● Given records:
=======

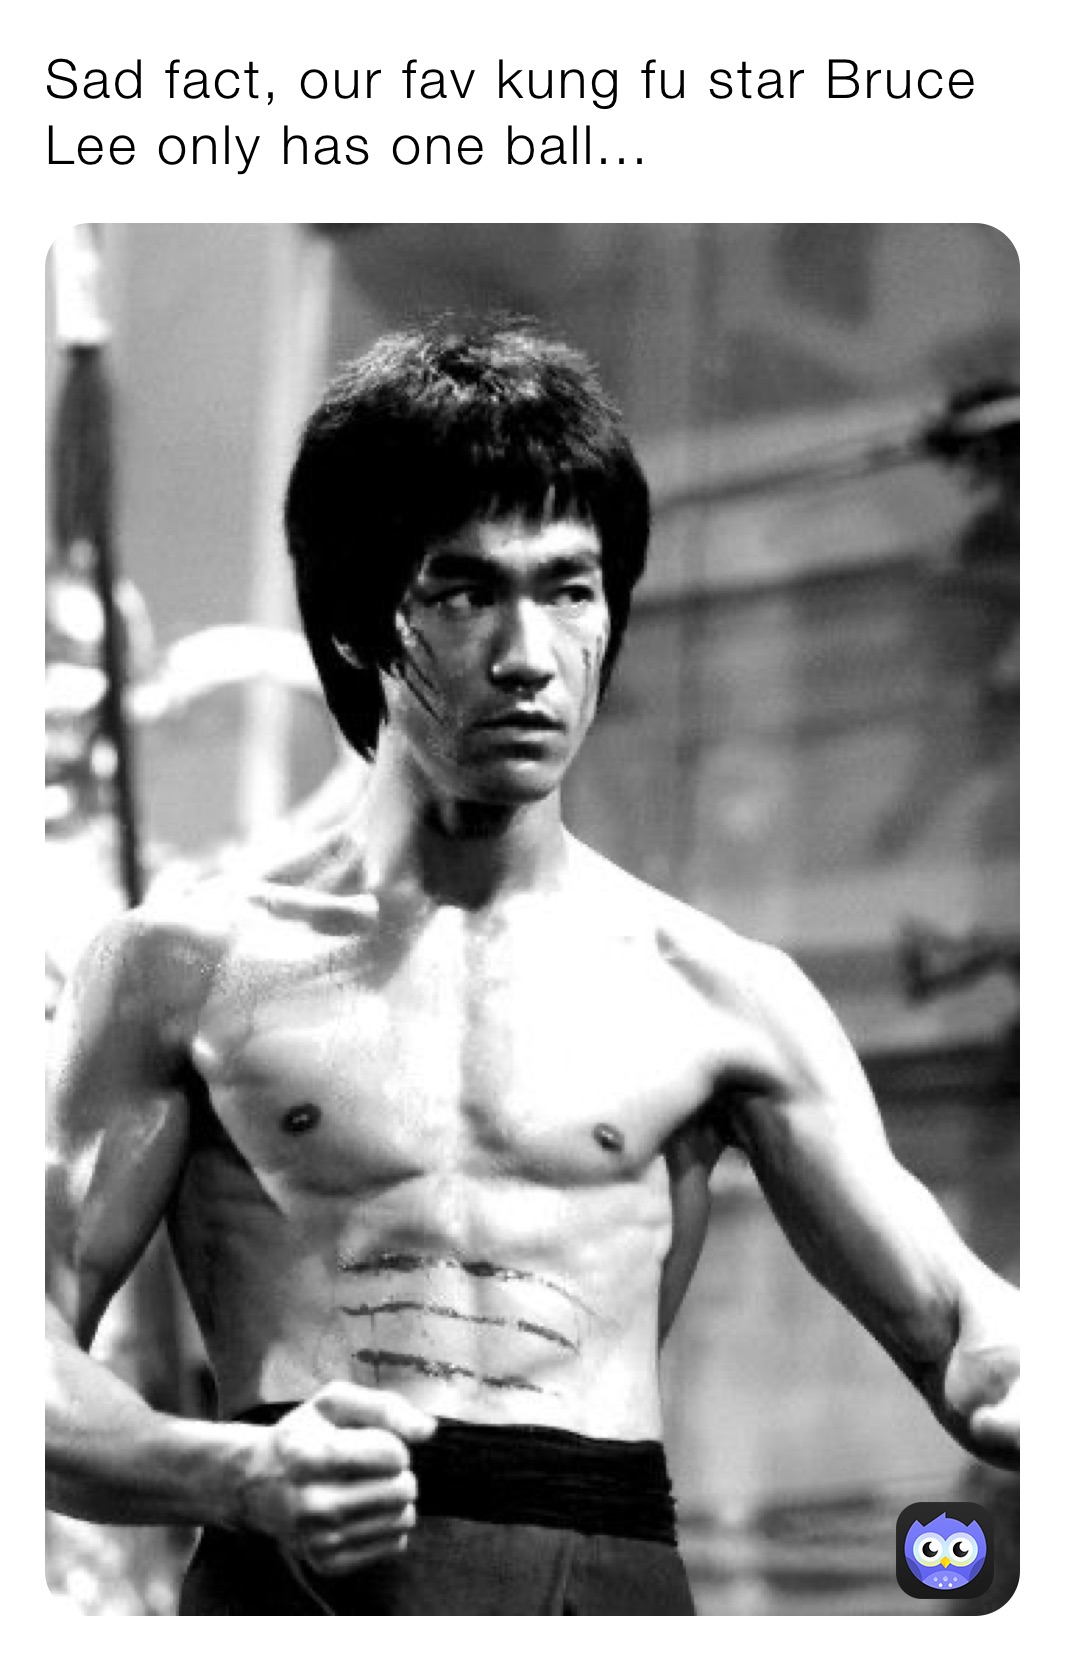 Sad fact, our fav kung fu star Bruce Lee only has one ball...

=======

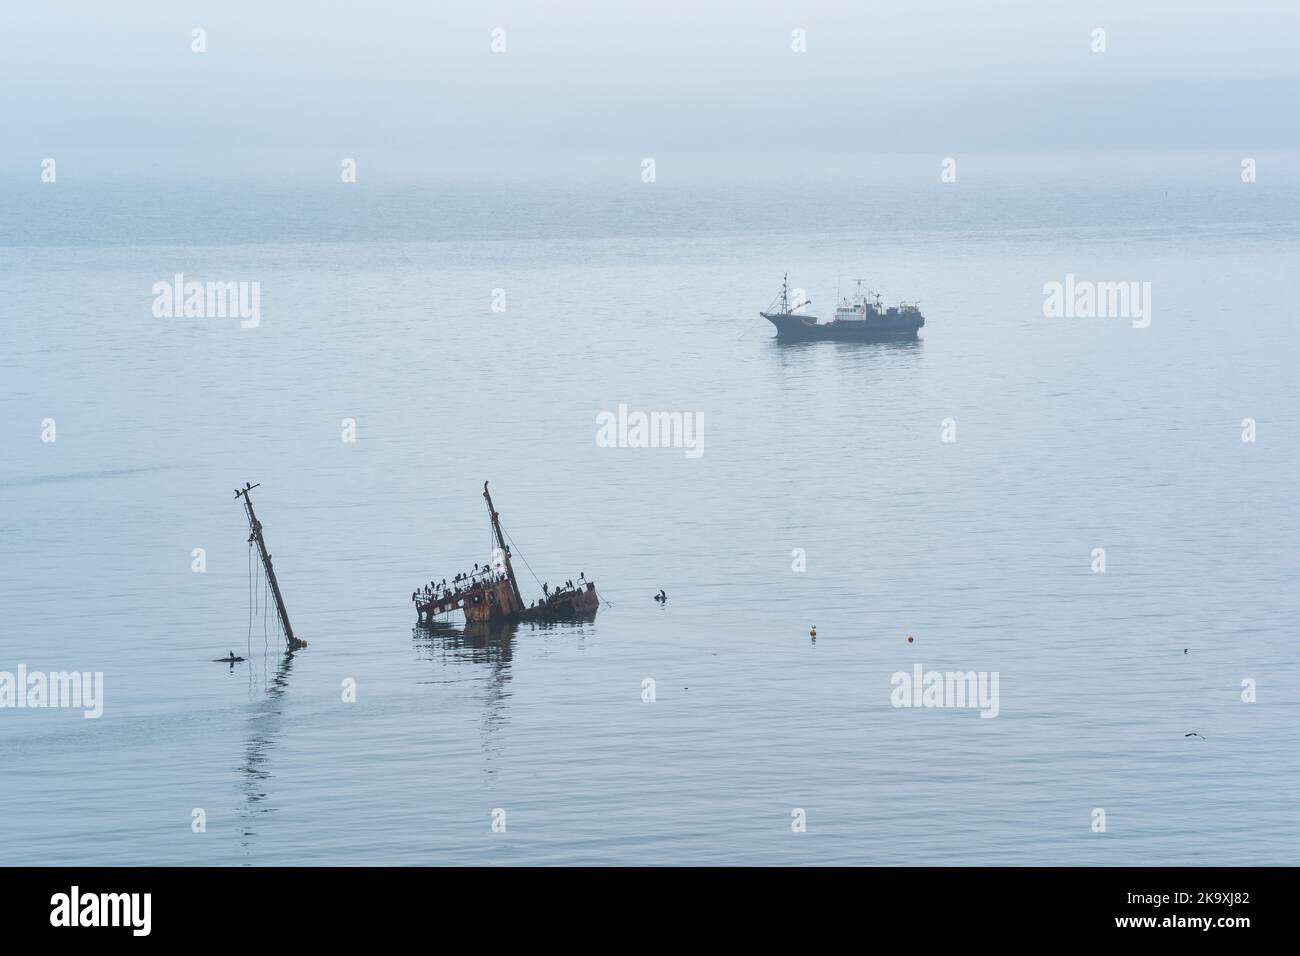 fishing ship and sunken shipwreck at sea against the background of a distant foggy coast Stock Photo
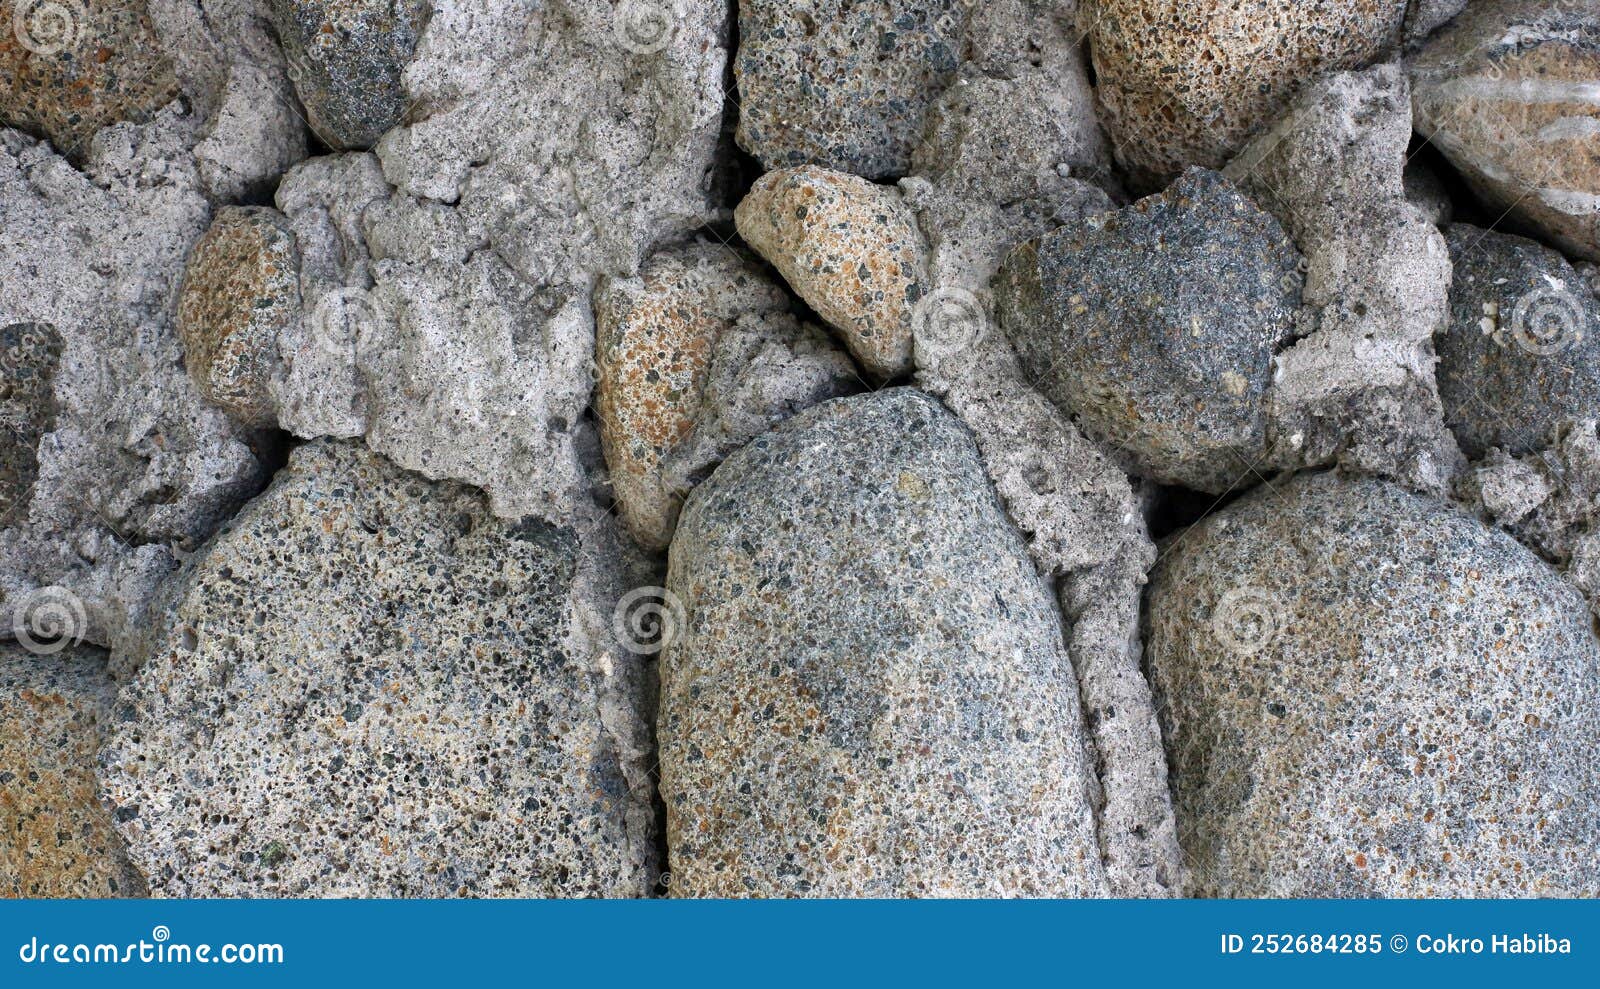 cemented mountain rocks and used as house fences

=======

● Work to be completed: Above are the records; please give again, exactly and in full, only the lines that run from the line with "fishing ship and" through the line with "cemented mountain rocks", with no pictures.

● Response to the task:
 fishing ship and sunken shipwreck at sea against the background of a distant foggy coast Stock Photo
 cemented mountain rocks and used as house fences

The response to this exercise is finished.